*** Begin section ***

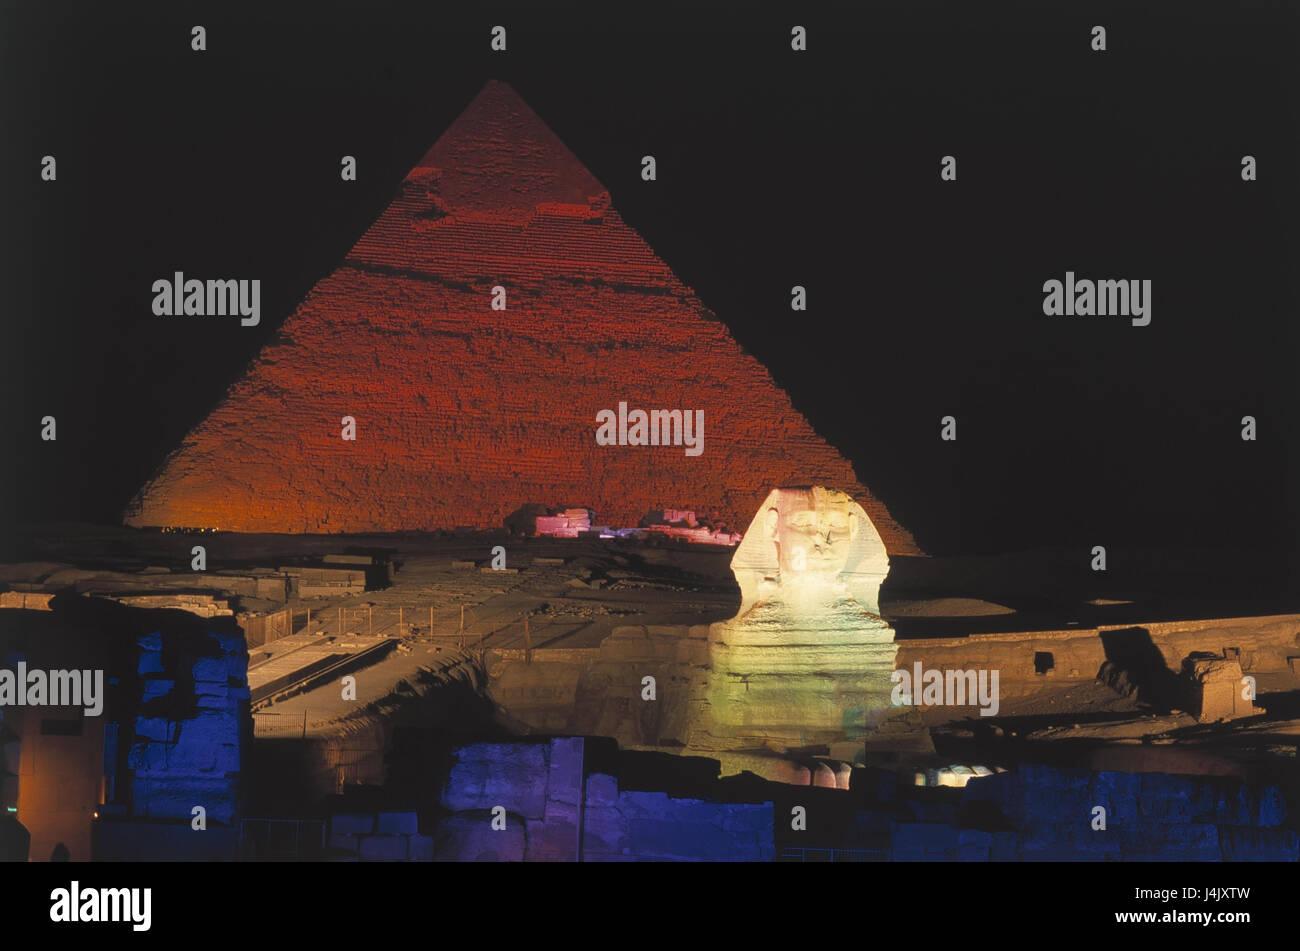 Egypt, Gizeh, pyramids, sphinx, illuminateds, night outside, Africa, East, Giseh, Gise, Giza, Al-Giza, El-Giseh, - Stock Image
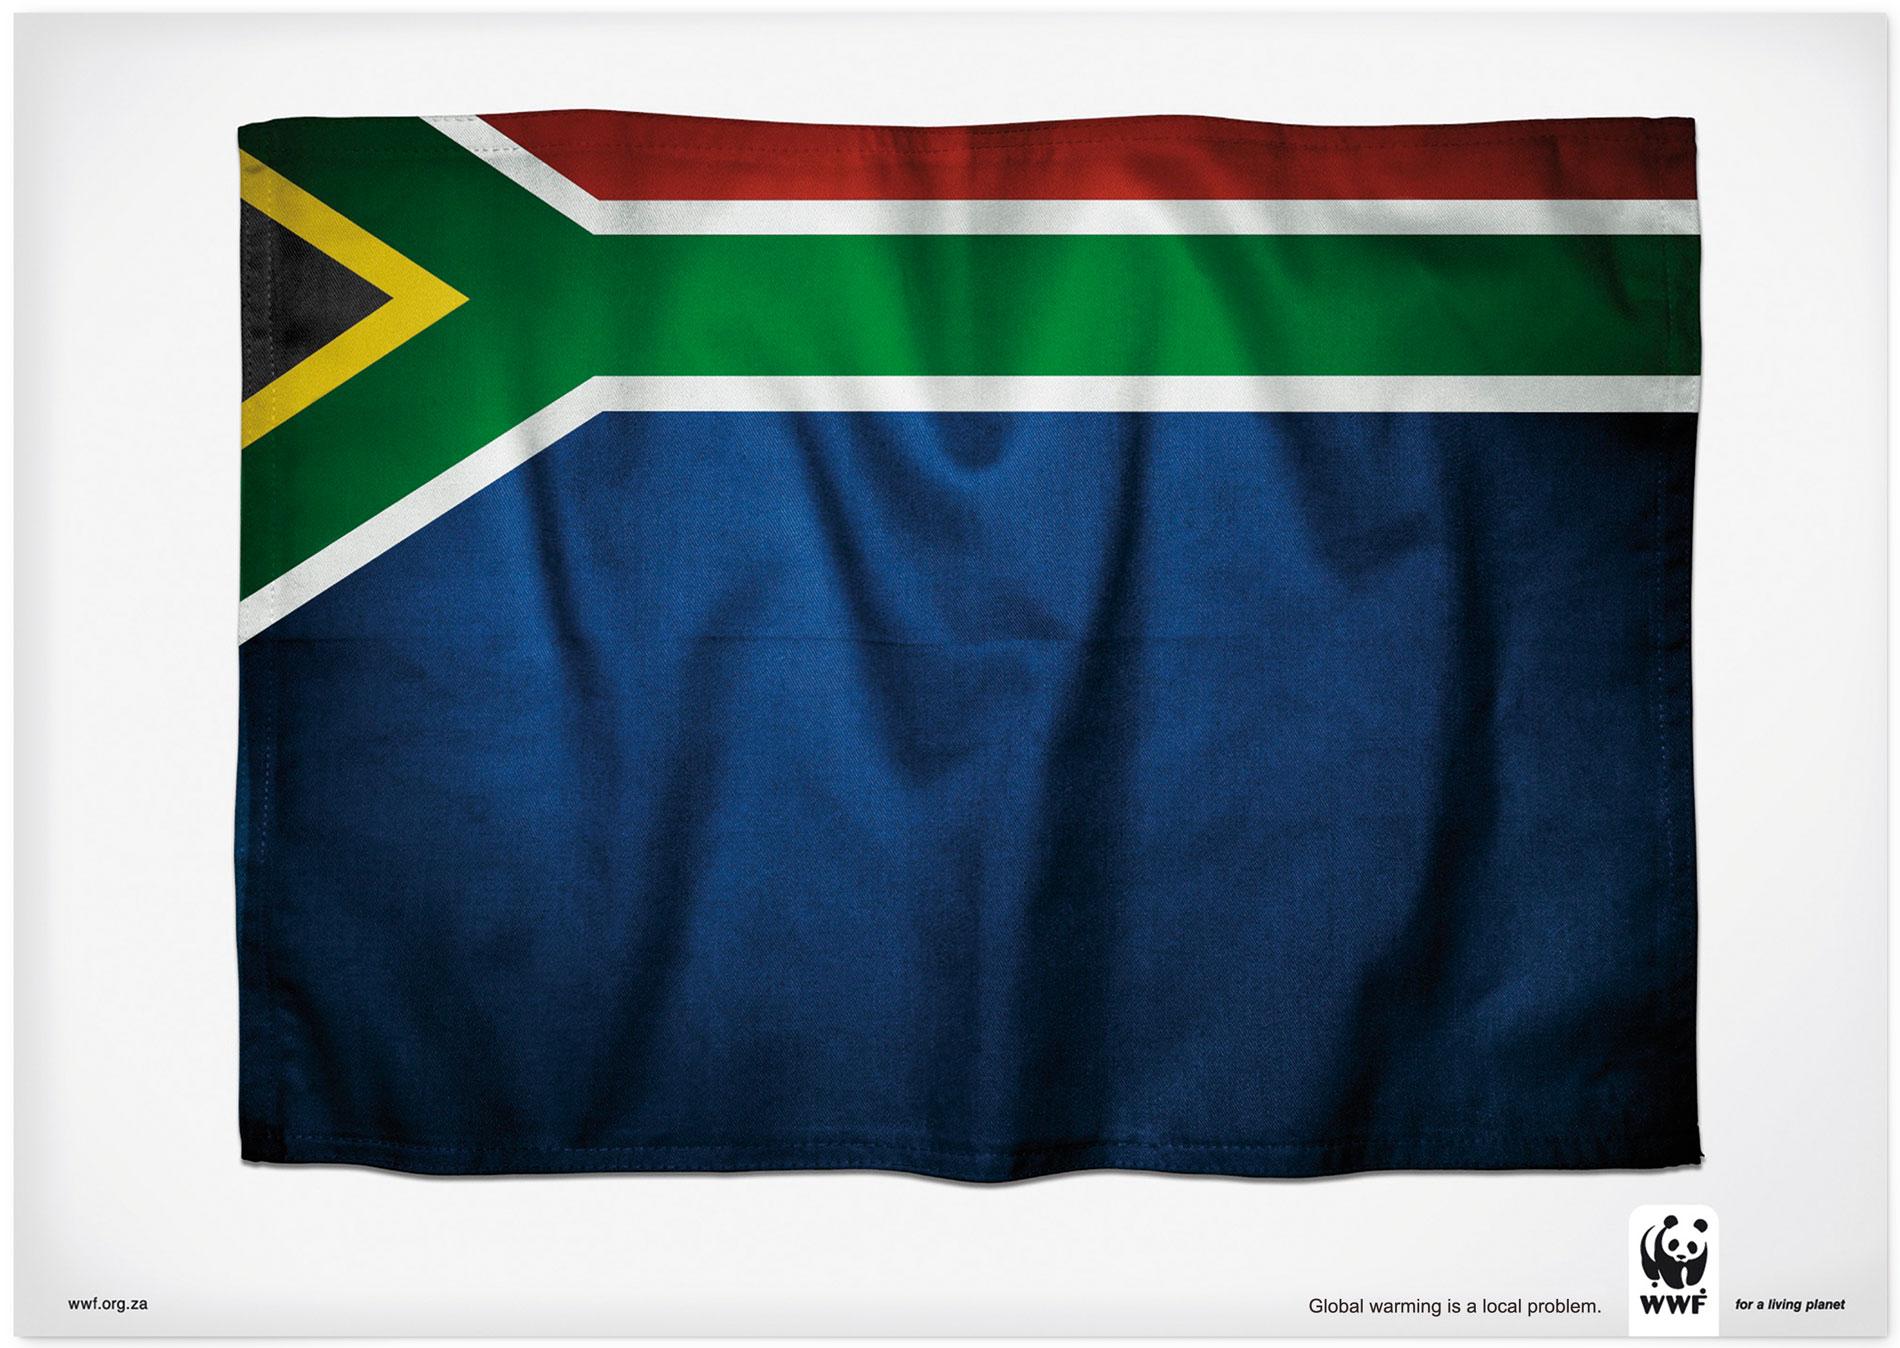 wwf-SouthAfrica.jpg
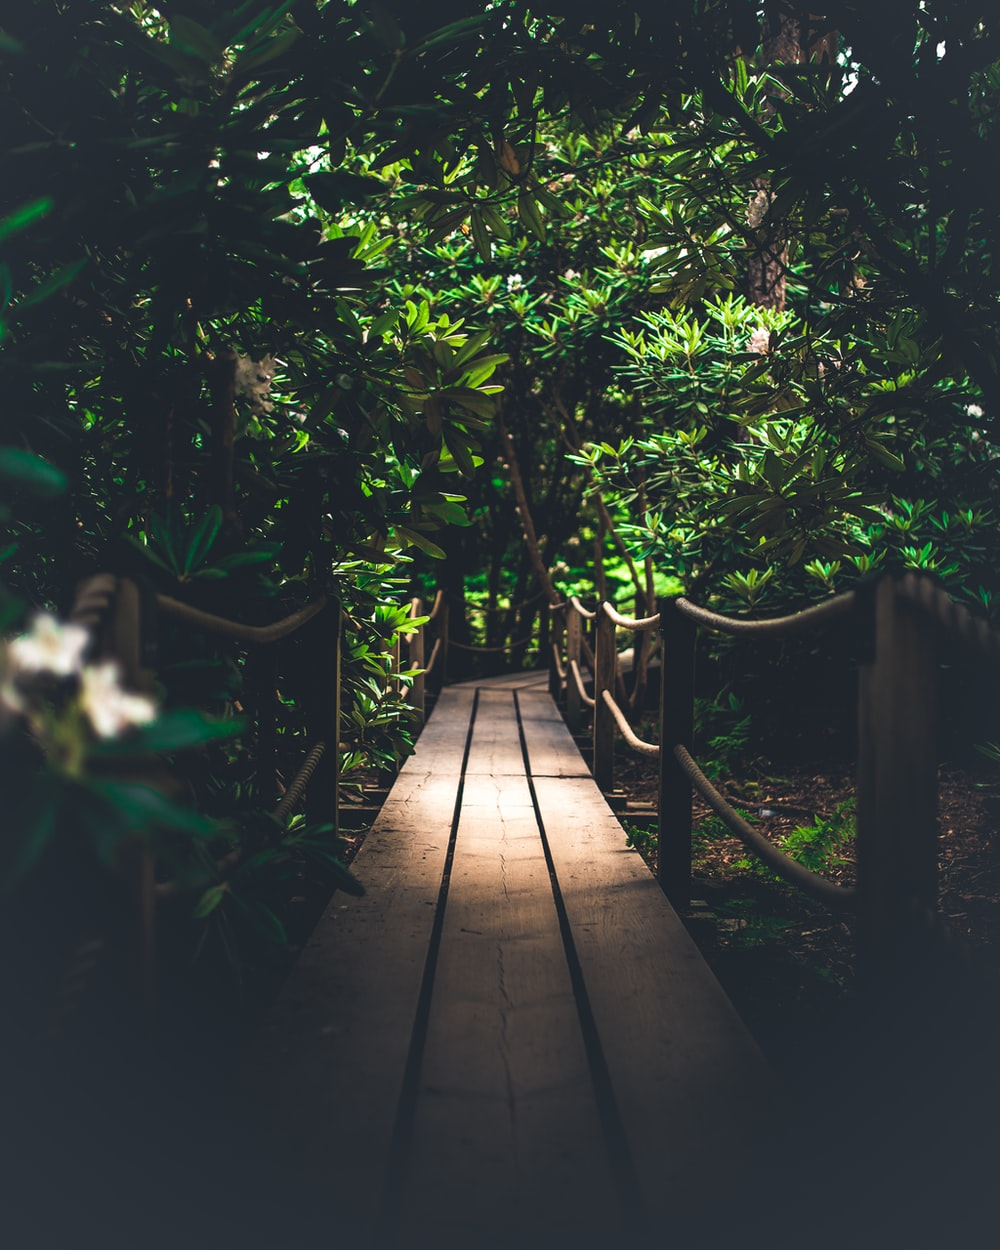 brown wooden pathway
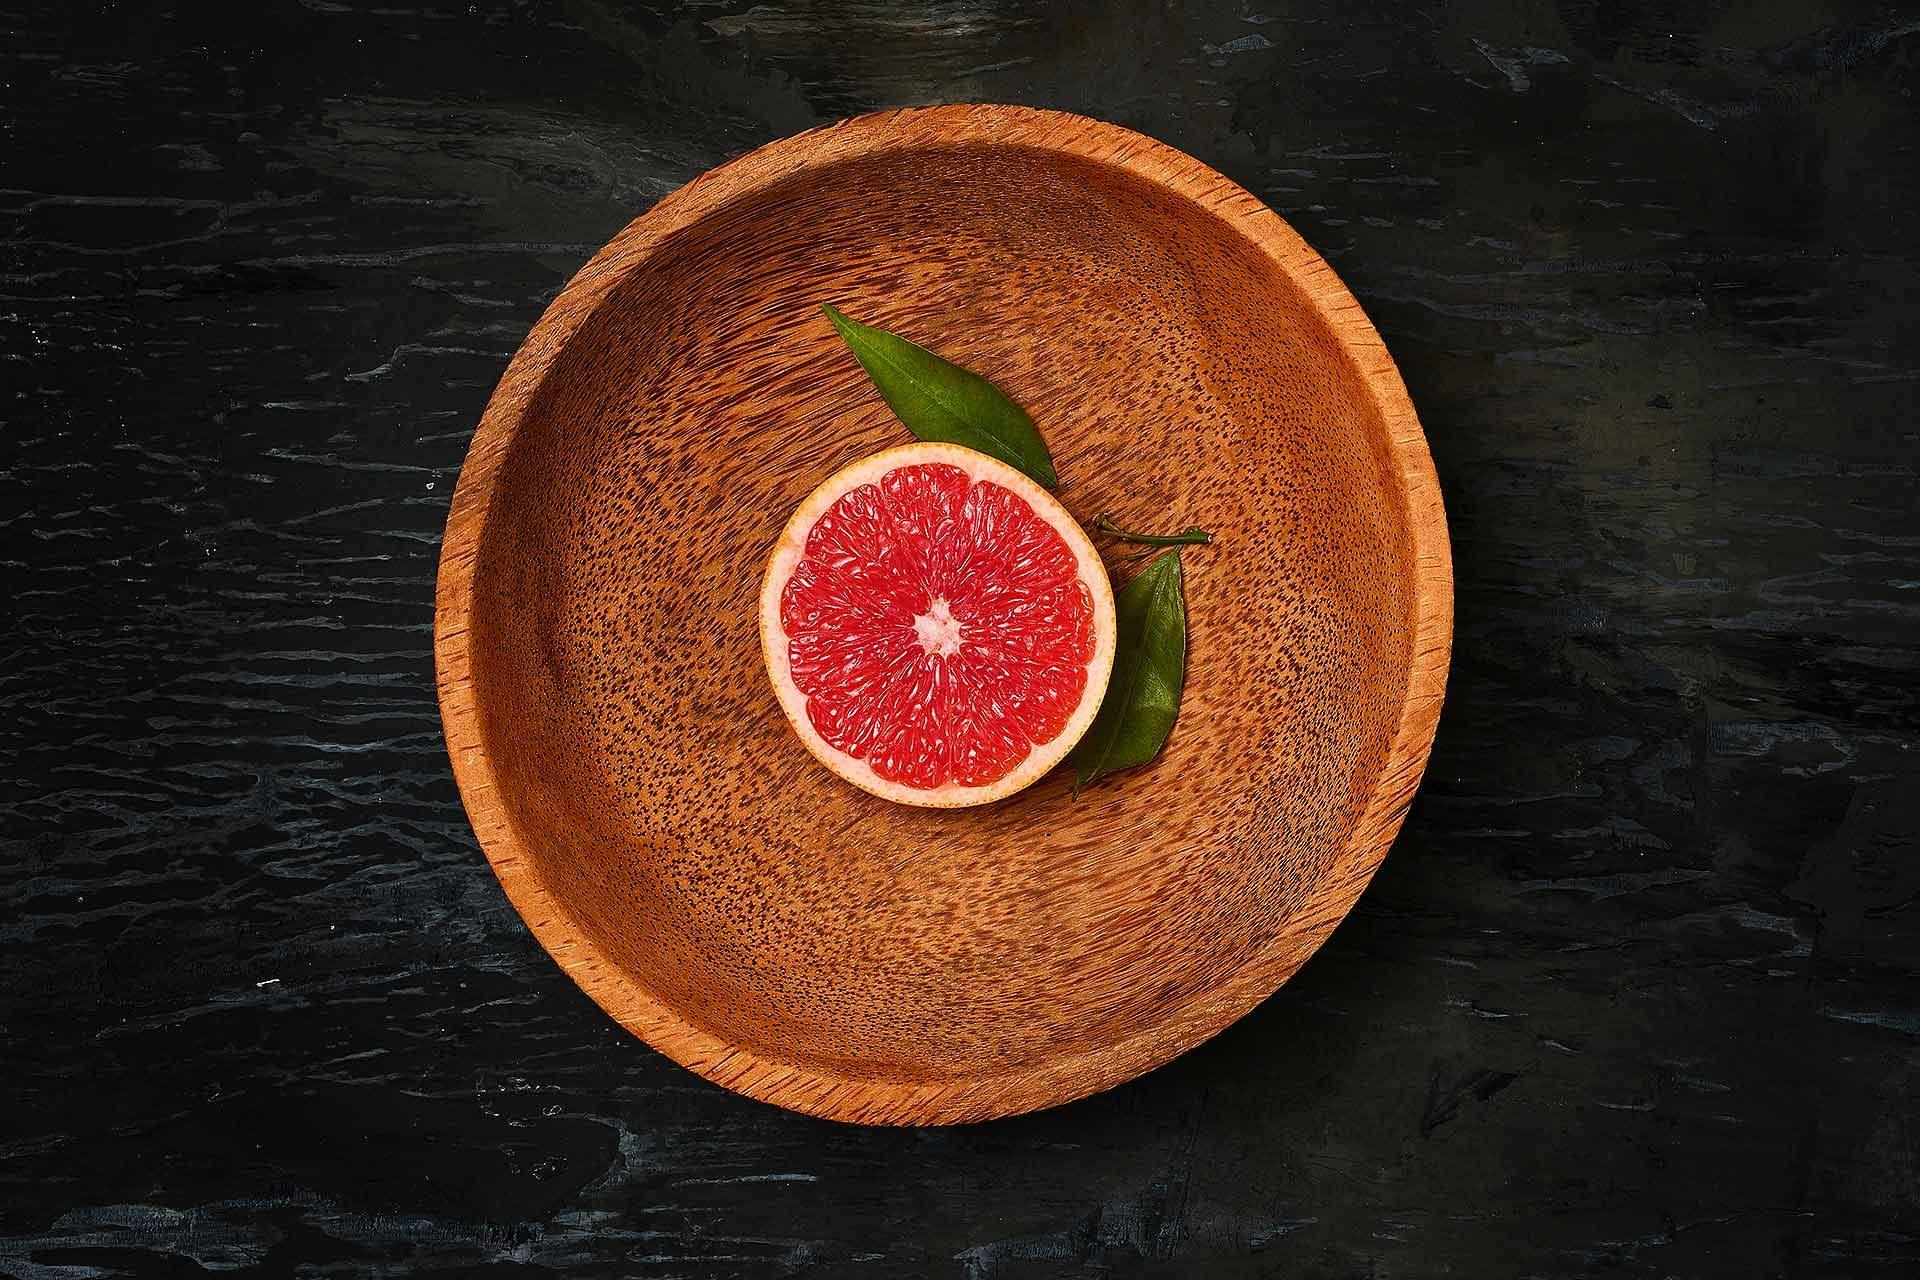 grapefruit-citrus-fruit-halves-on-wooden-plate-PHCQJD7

*** End section ***

REQUIRED ACTION>
Apart from the images, please copy every line of the data exactly as written.

EXERCISE RESULT>
 Egypt, Gizeh, pyramids, sphinx, illuminateds, night outside, Africa, East, Giseh, Gise, Giza, Al-Giza, El-Giseh, - Stock Image
 wwf-SouthAfrica.jpg
 brown wooden pathway
 grapefruit-citrus-fruit-halves-on-wooden-plate-PHCQJD7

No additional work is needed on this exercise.